• **SOURCE DATA**
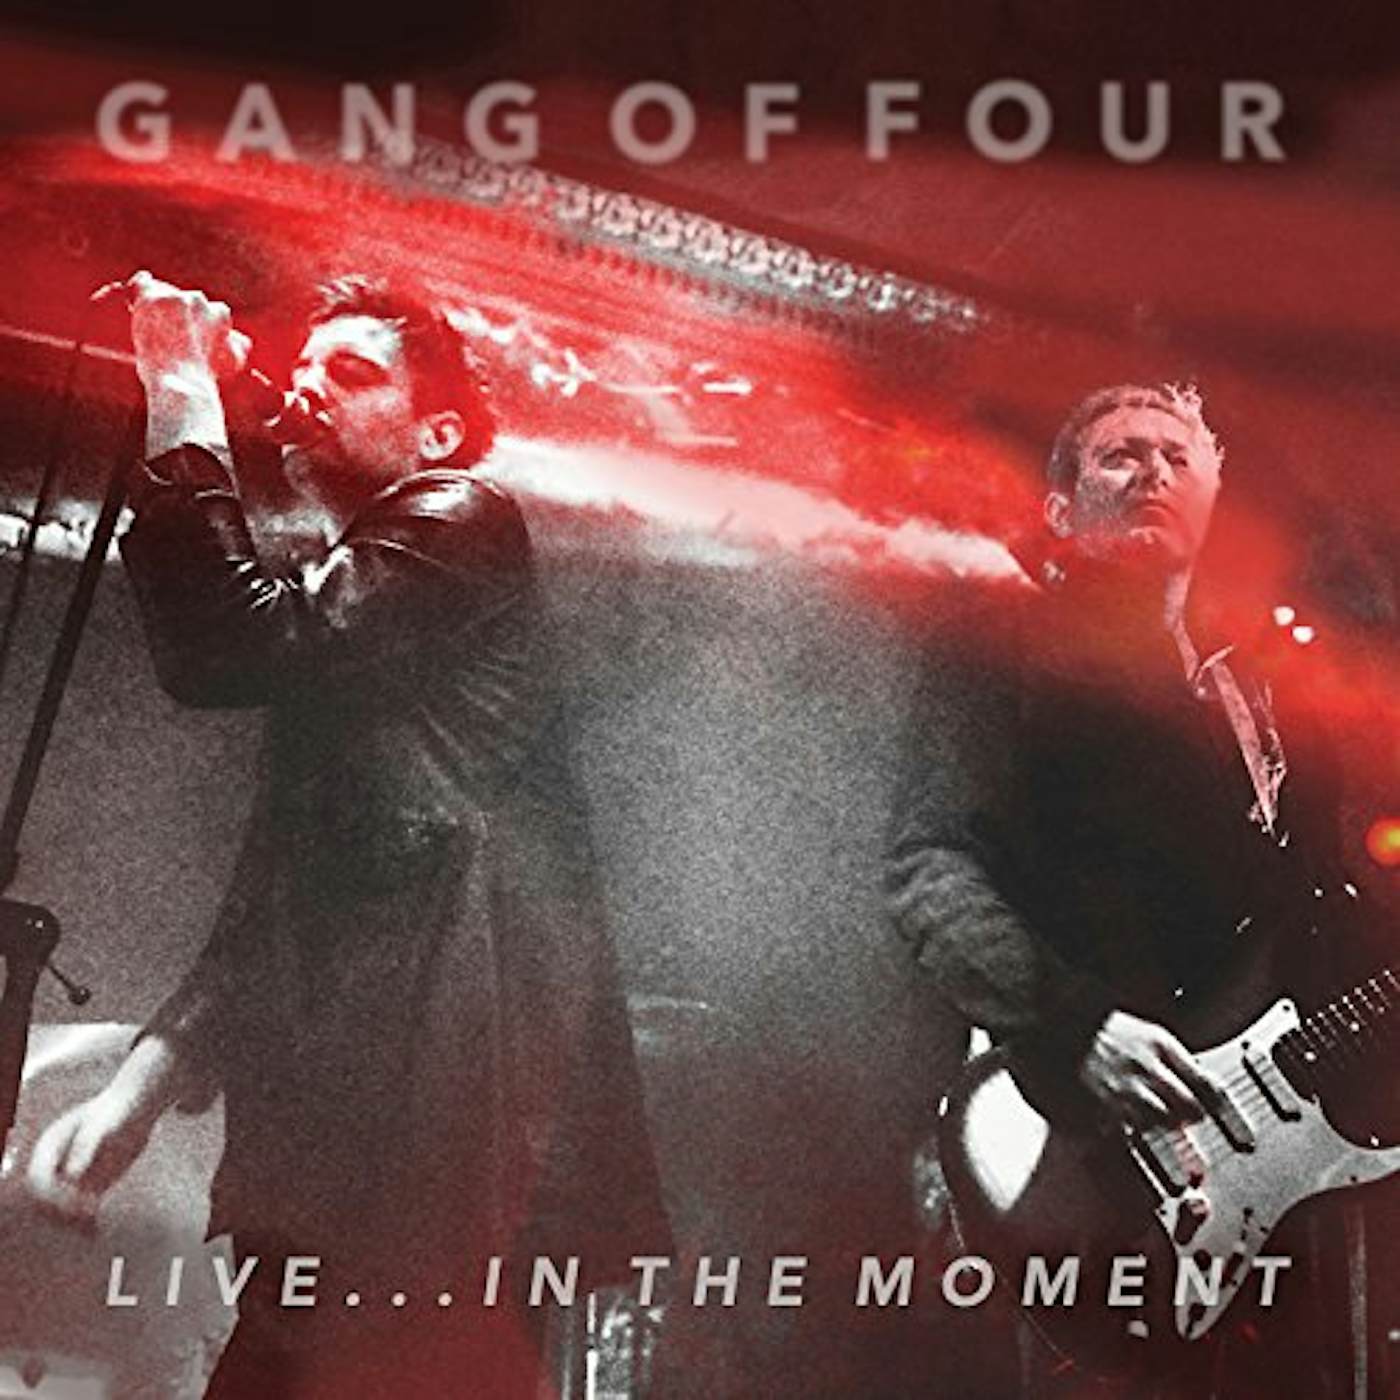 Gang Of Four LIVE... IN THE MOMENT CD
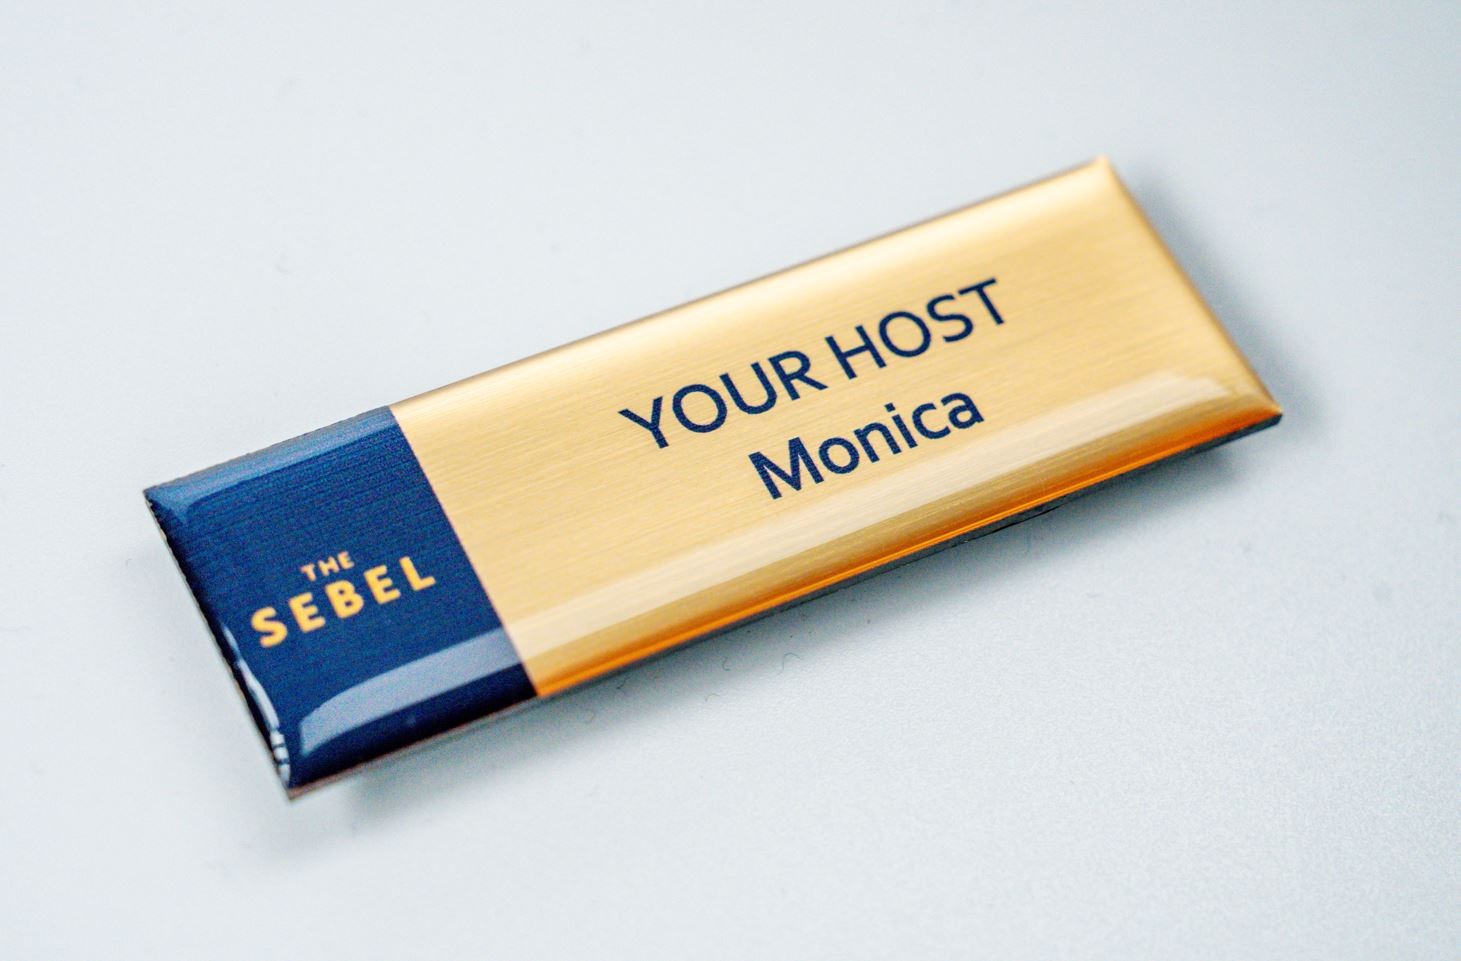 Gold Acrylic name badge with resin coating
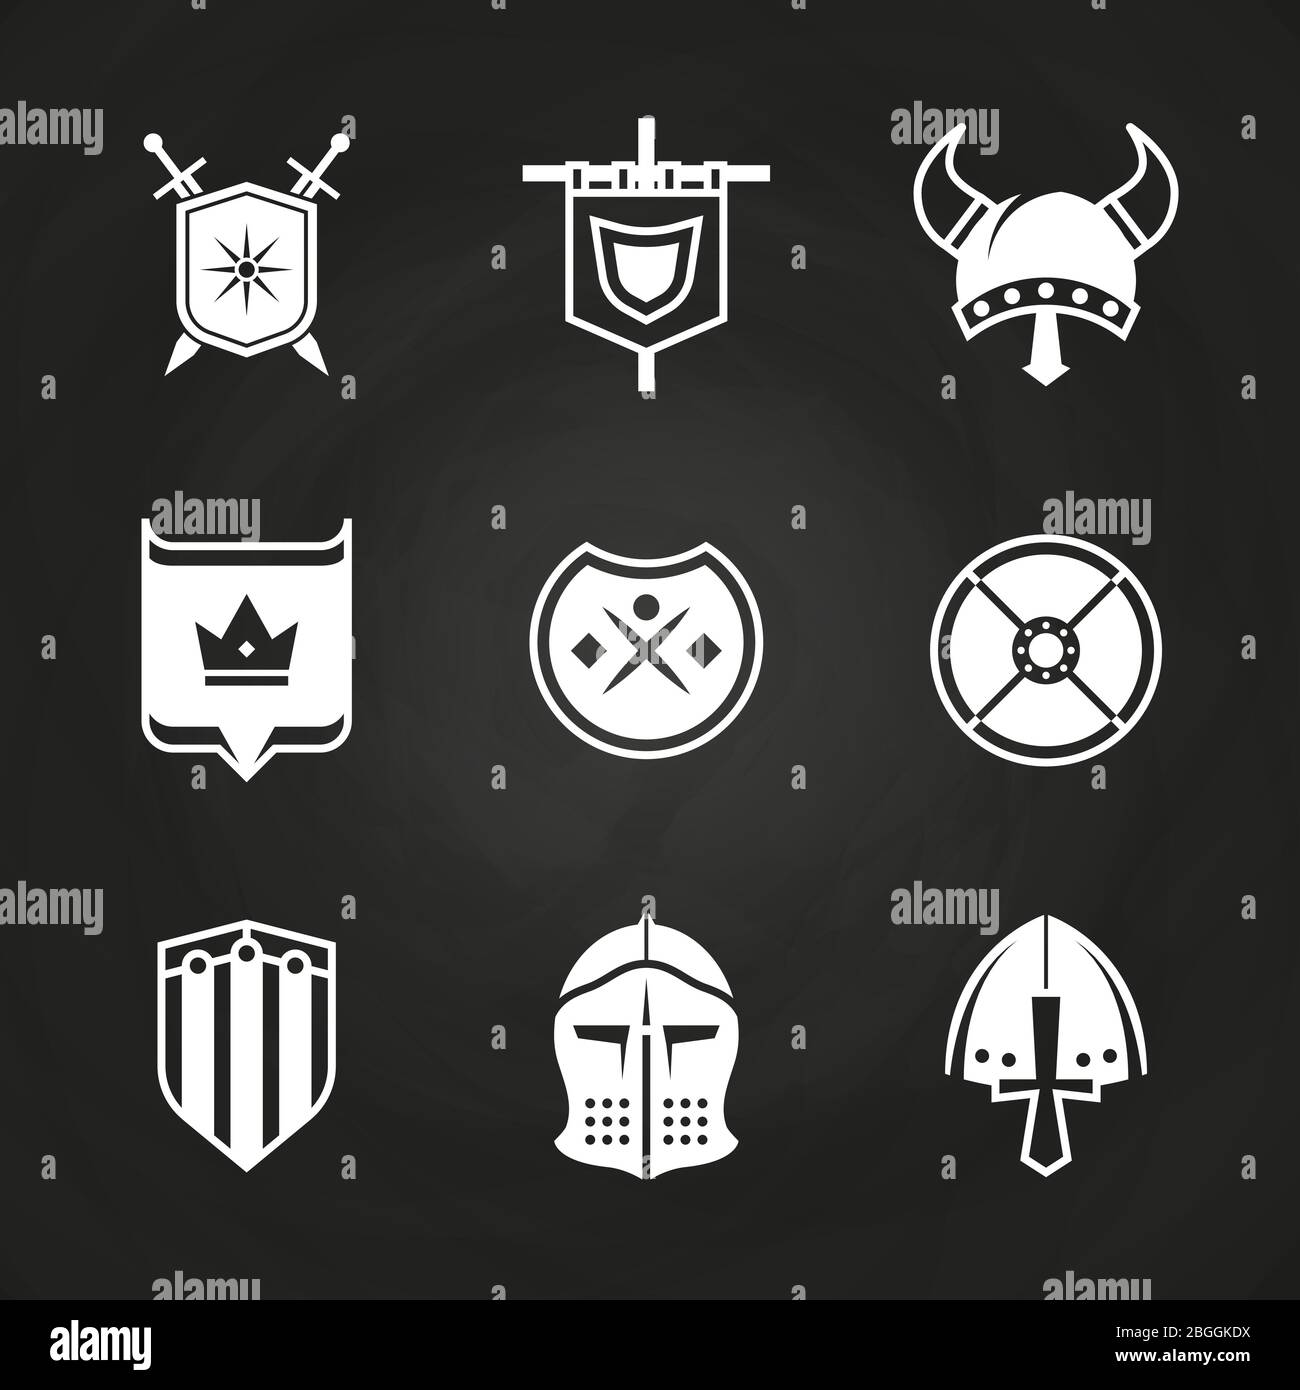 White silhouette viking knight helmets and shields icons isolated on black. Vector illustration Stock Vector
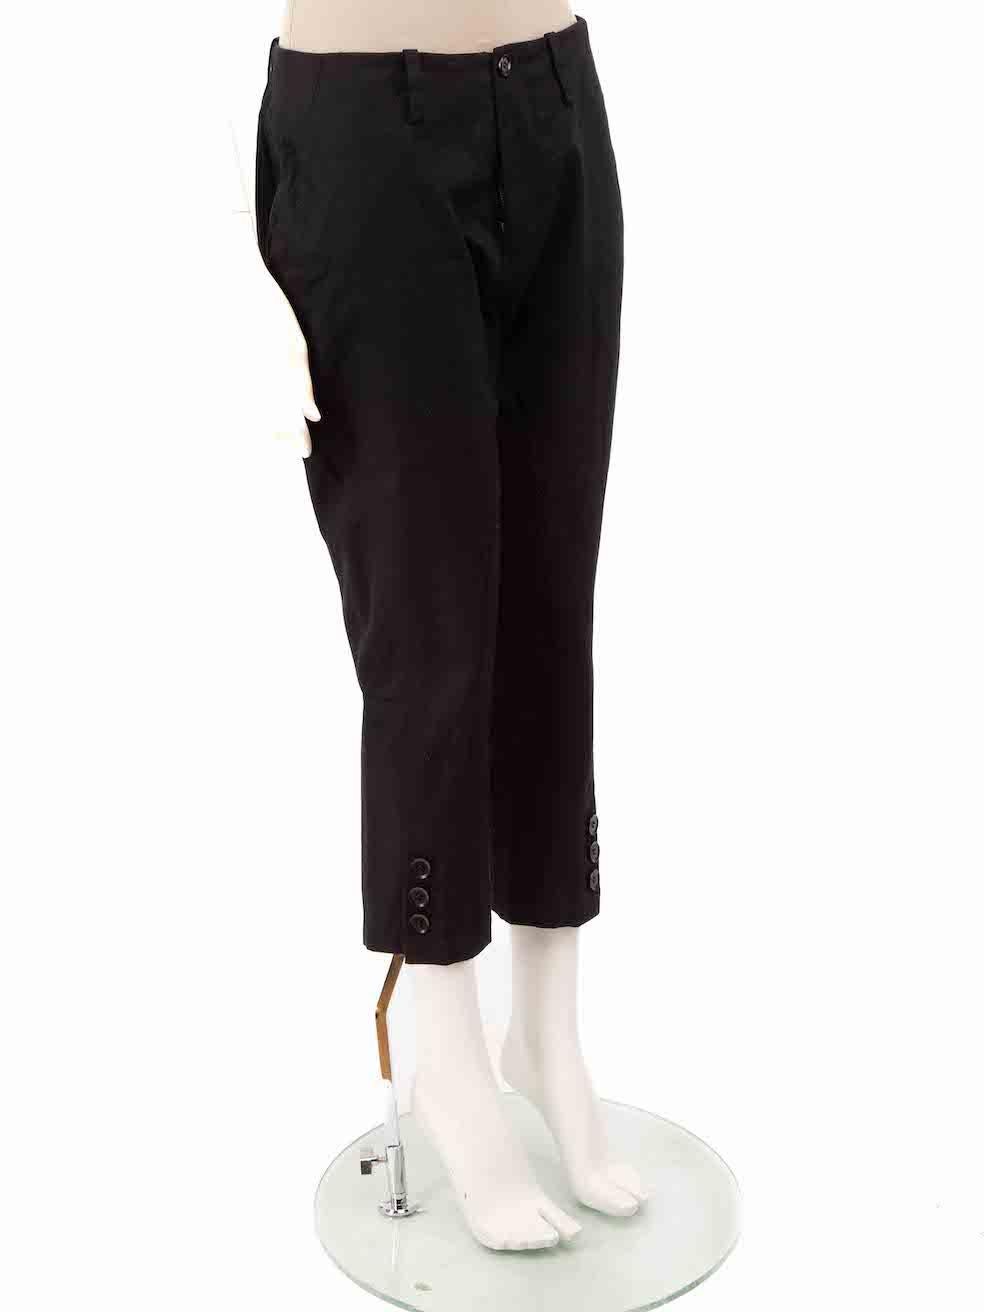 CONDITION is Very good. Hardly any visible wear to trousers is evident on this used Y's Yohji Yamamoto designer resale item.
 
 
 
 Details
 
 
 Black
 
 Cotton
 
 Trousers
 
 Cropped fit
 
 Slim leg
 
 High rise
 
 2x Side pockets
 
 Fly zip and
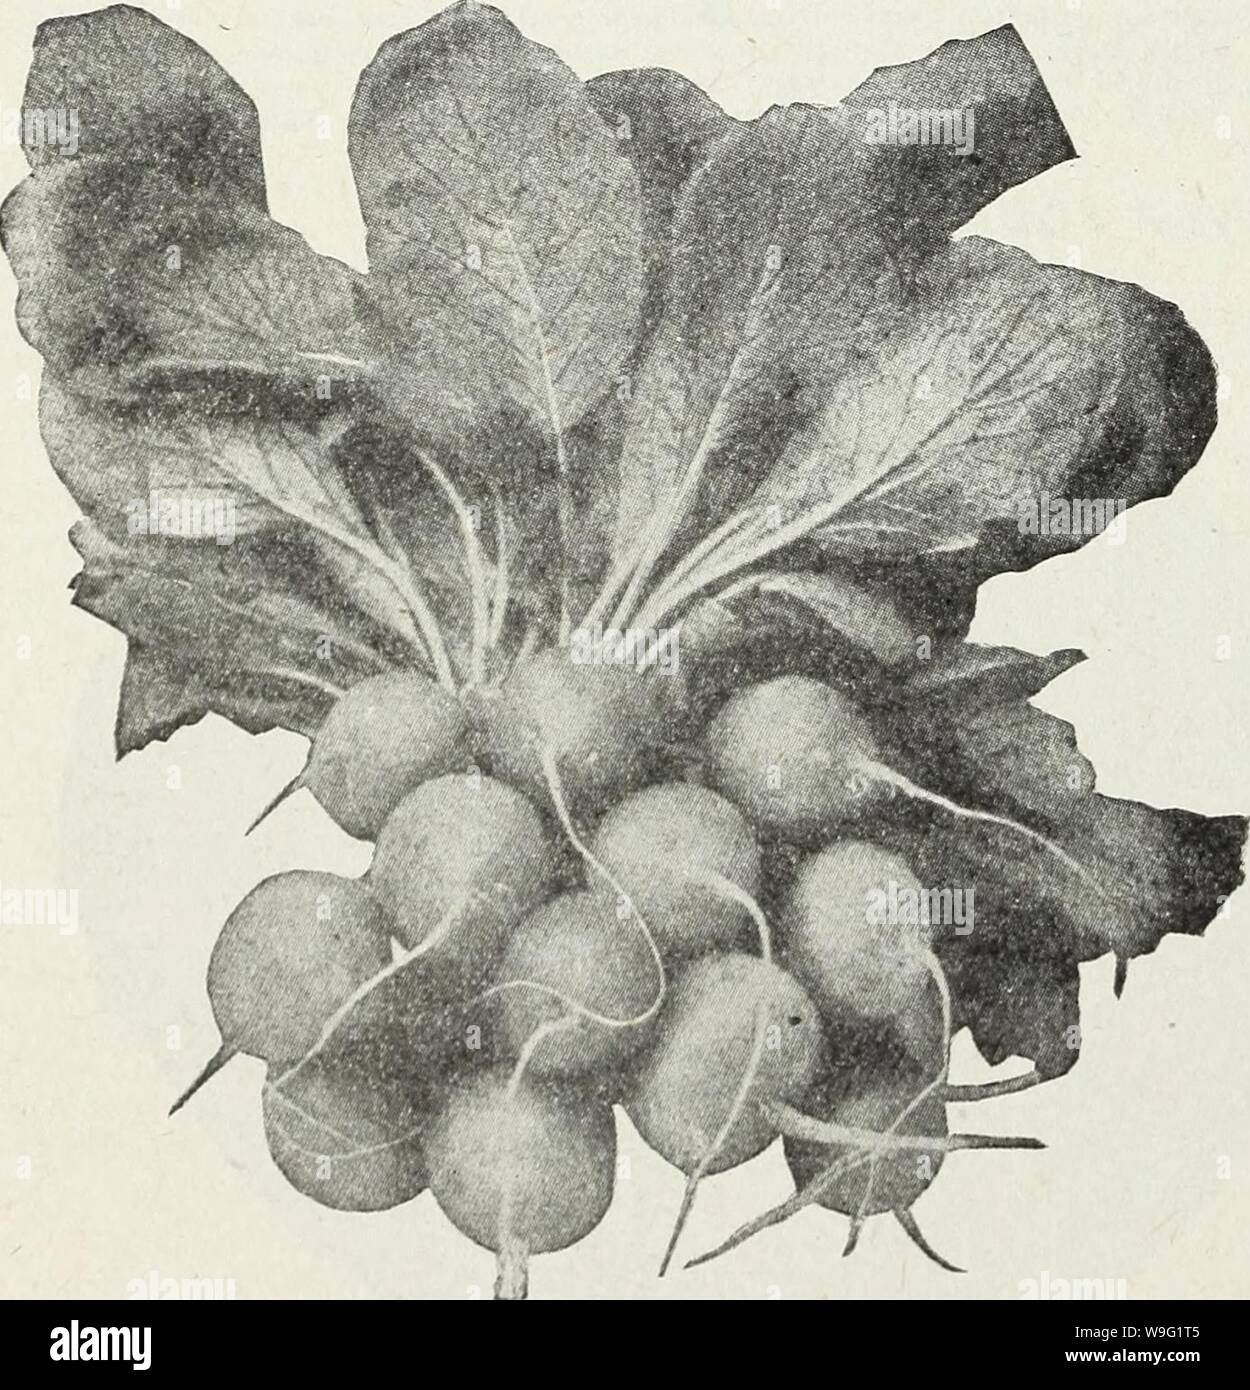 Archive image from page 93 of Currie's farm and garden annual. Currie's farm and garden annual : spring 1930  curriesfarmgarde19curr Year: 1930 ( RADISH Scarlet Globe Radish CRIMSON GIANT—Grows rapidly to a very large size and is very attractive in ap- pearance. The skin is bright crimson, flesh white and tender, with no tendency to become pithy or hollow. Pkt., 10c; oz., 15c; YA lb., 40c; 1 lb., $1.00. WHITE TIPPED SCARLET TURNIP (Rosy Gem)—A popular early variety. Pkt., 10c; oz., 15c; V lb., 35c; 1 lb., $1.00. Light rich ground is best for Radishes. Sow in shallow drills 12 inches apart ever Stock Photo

• **PROBLEM TO WORK ON**
Each line above gets copied exactly; leave the pictures out.

• **ANSWER BELOW**
 Gang Of Four LIVE... IN THE MOMENT CD
 Gold Acrylic name badge with resin coating
 White silhouette viking knight helmets and shields icons isolated on black. Vector illustration Stock Vector
 CONDITION is Very good. Hardly any visible wear to trousers is evident on this used Y's Yohji Yamamoto designer resale item.
 
 
 
 Details
 
 
 Black
 
 Cotton
 
 Trousers
 
 Cropped fit
 
 Slim leg
 
 High rise
 
 2x Side pockets
 
 Fly zip and
 Archive image from page 93 of Currie's farm and garden annual. Currie's farm and garden annual : spring 1930  curriesfarmgarde19curr Year: 1930 ( RADISH Scarlet Globe Radish CRIMSON GIANT—Grows rapidly to a very large size and is very attractive in ap- pearance. The skin is bright crimson, flesh white and tender, with no tendency to become pithy or hollow. Pkt., 10c; oz., 15c; YA lb., 40c; 1 lb., $1.00. WHITE TIPPED SCARLET TURNIP (Rosy Gem)—A popular early variety. Pkt., 10c; oz., 15c; V lb., 35c; 1 lb., $1.00. Light rich ground is best for Radishes. Sow in shallow drills 12 inches apart ever Stock Photo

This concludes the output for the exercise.